[Directions]: Repeat everything in the listing exactly, except for the images.

[Raw data]:
>>>

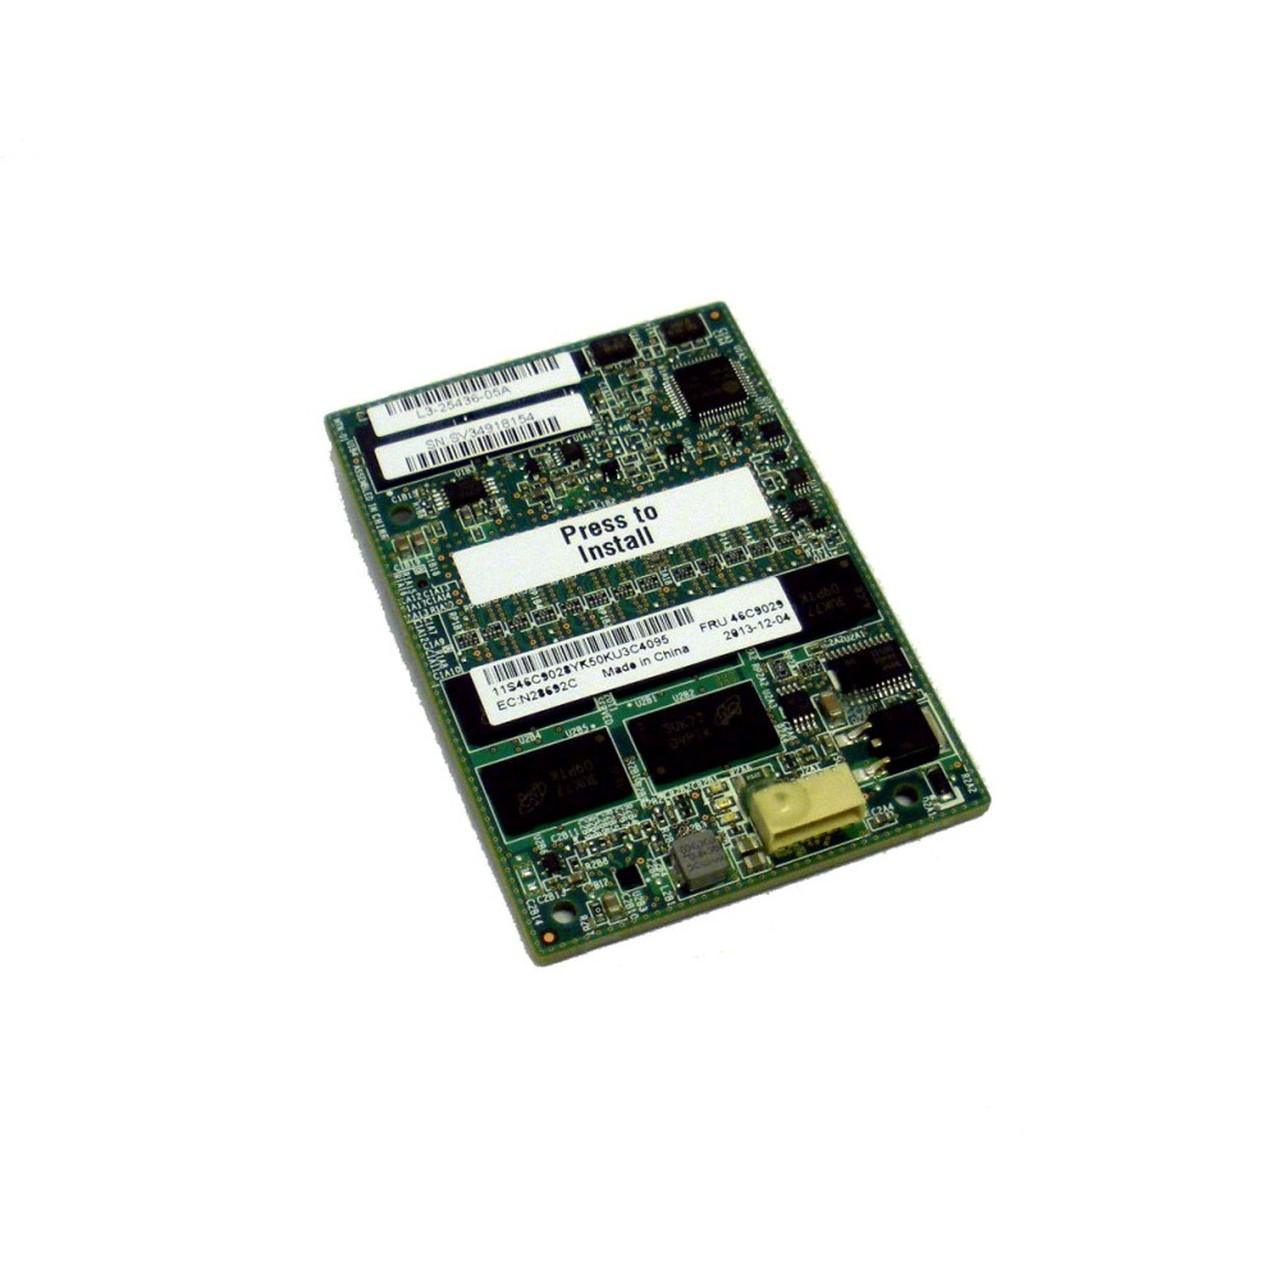 IBM 1GB MEMORY FLASH / RAID 5 FOR IBM SERVERAID M5016 / M5100 SERIES 46C9029
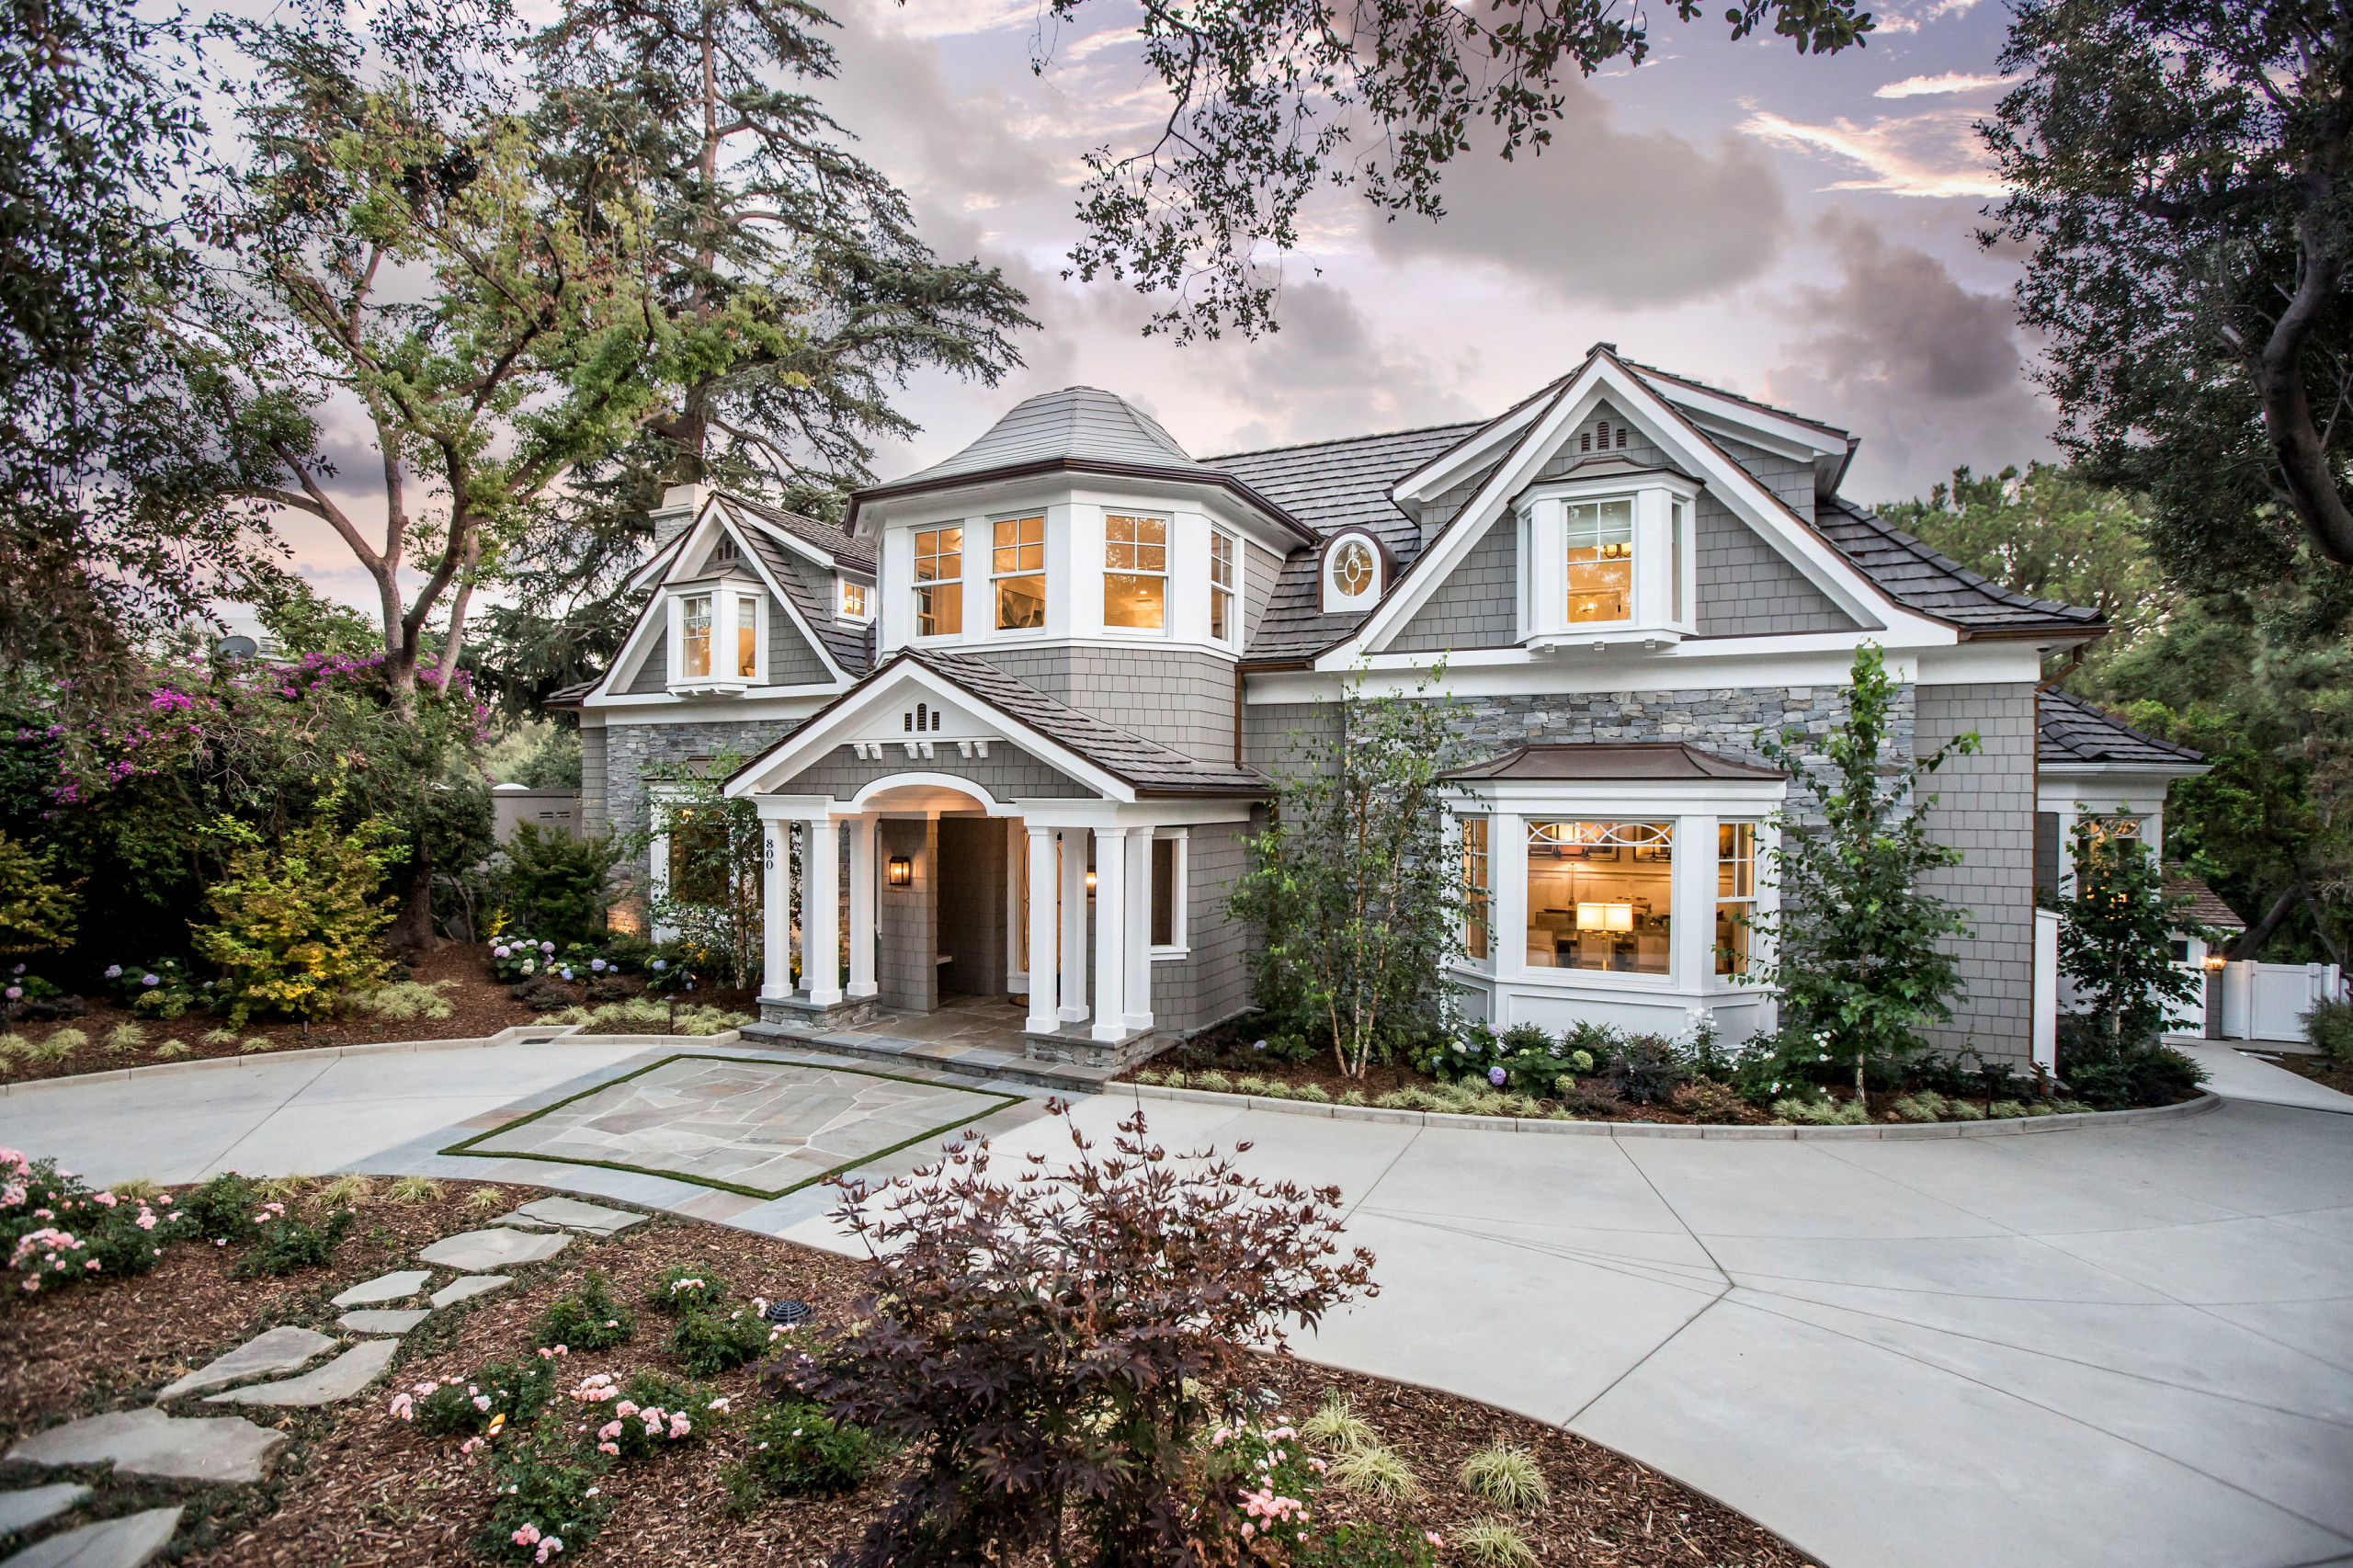 Cape Cod Residence in Pasadena
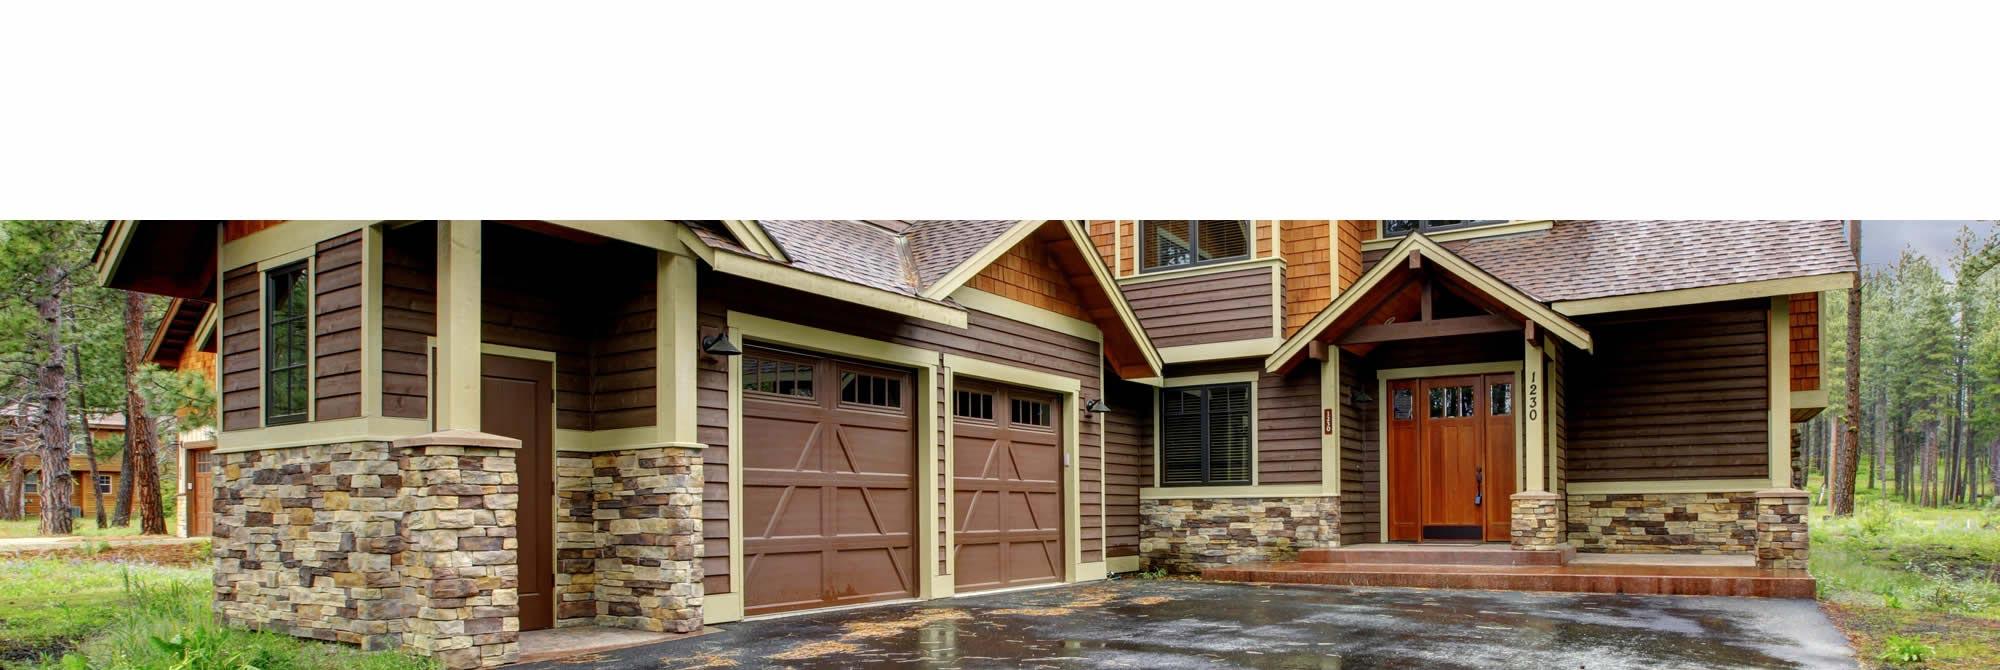 Garage Door Installation And Repair In Everett Wa The
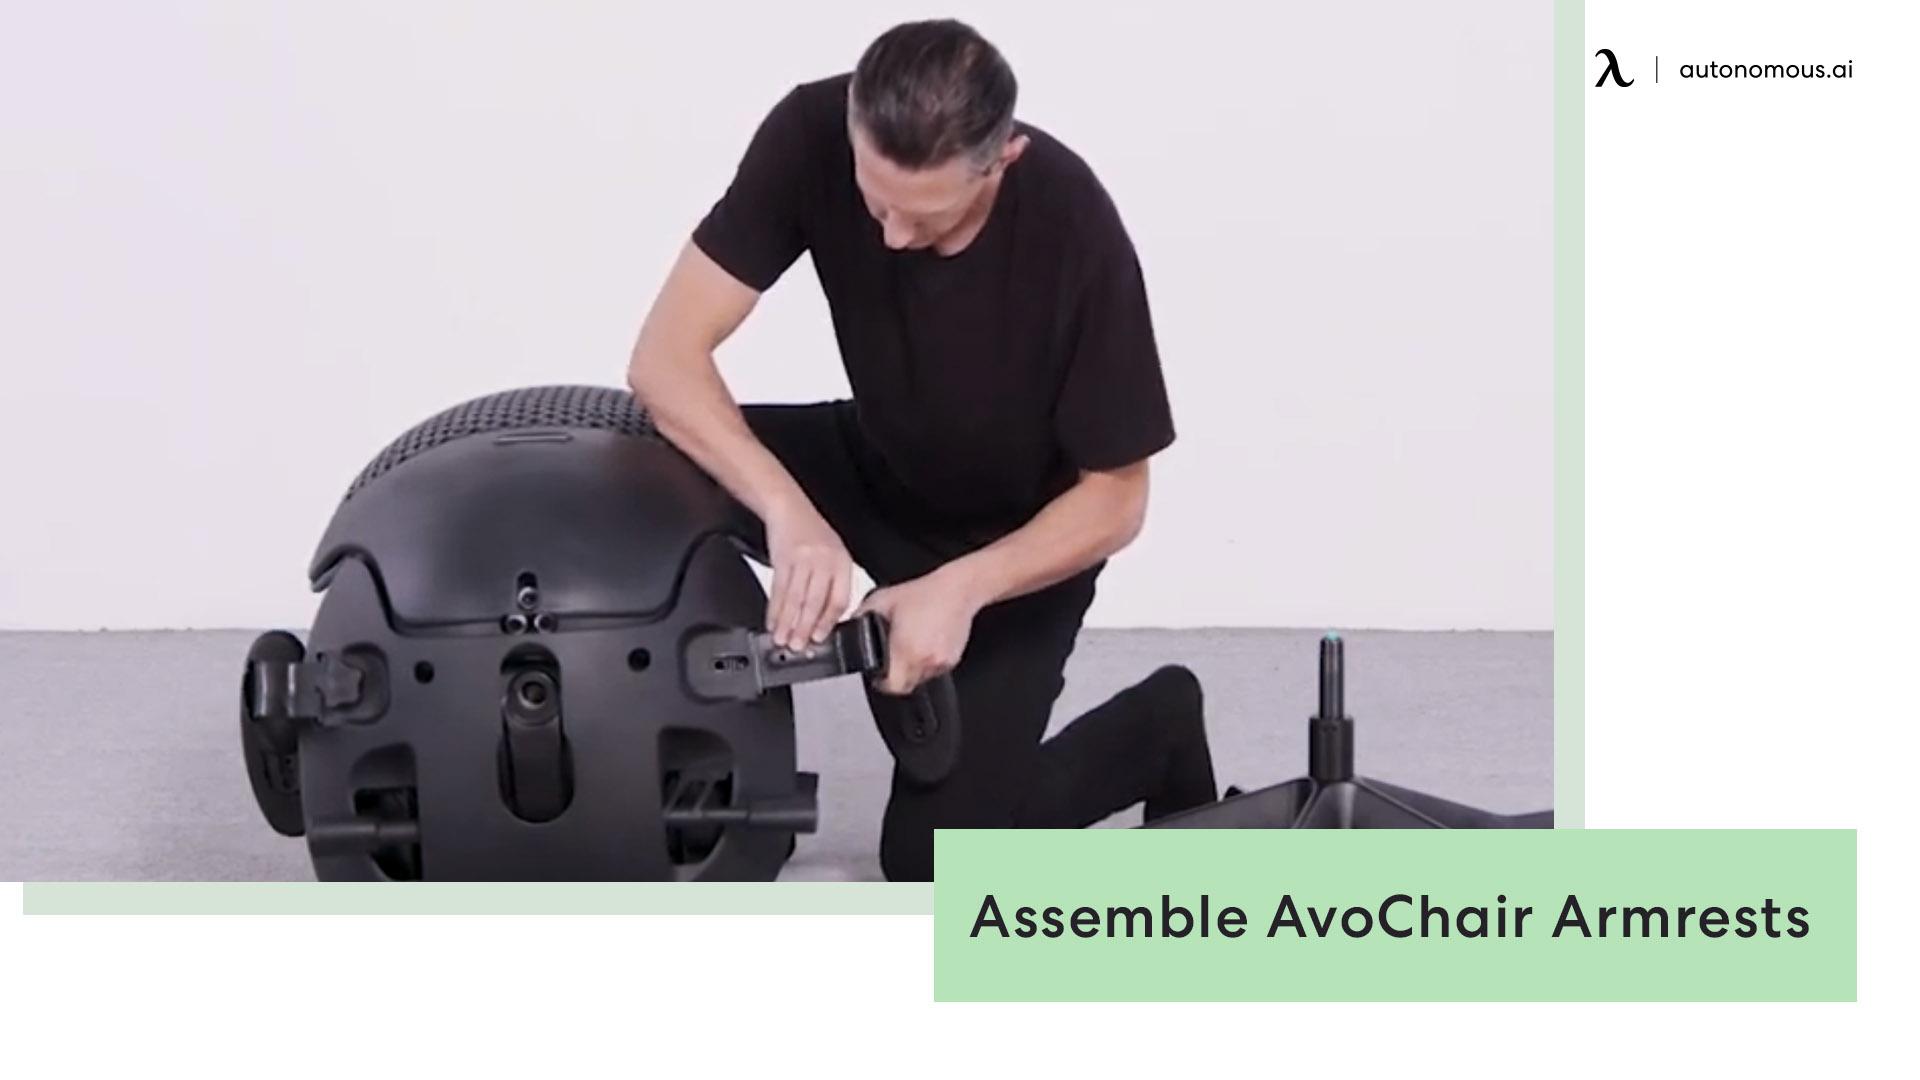 AvoChair Armrests

<<<

[Result]:
 IBM 1GB MEMORY FLASH / RAID 5 FOR IBM SERVERAID M5016 / M5100 SERIES 46C9029
 Cape Cod Residence in Pasadena
 Garage Door Installation And Repair In Everett Wa The
 AvoChair Armrests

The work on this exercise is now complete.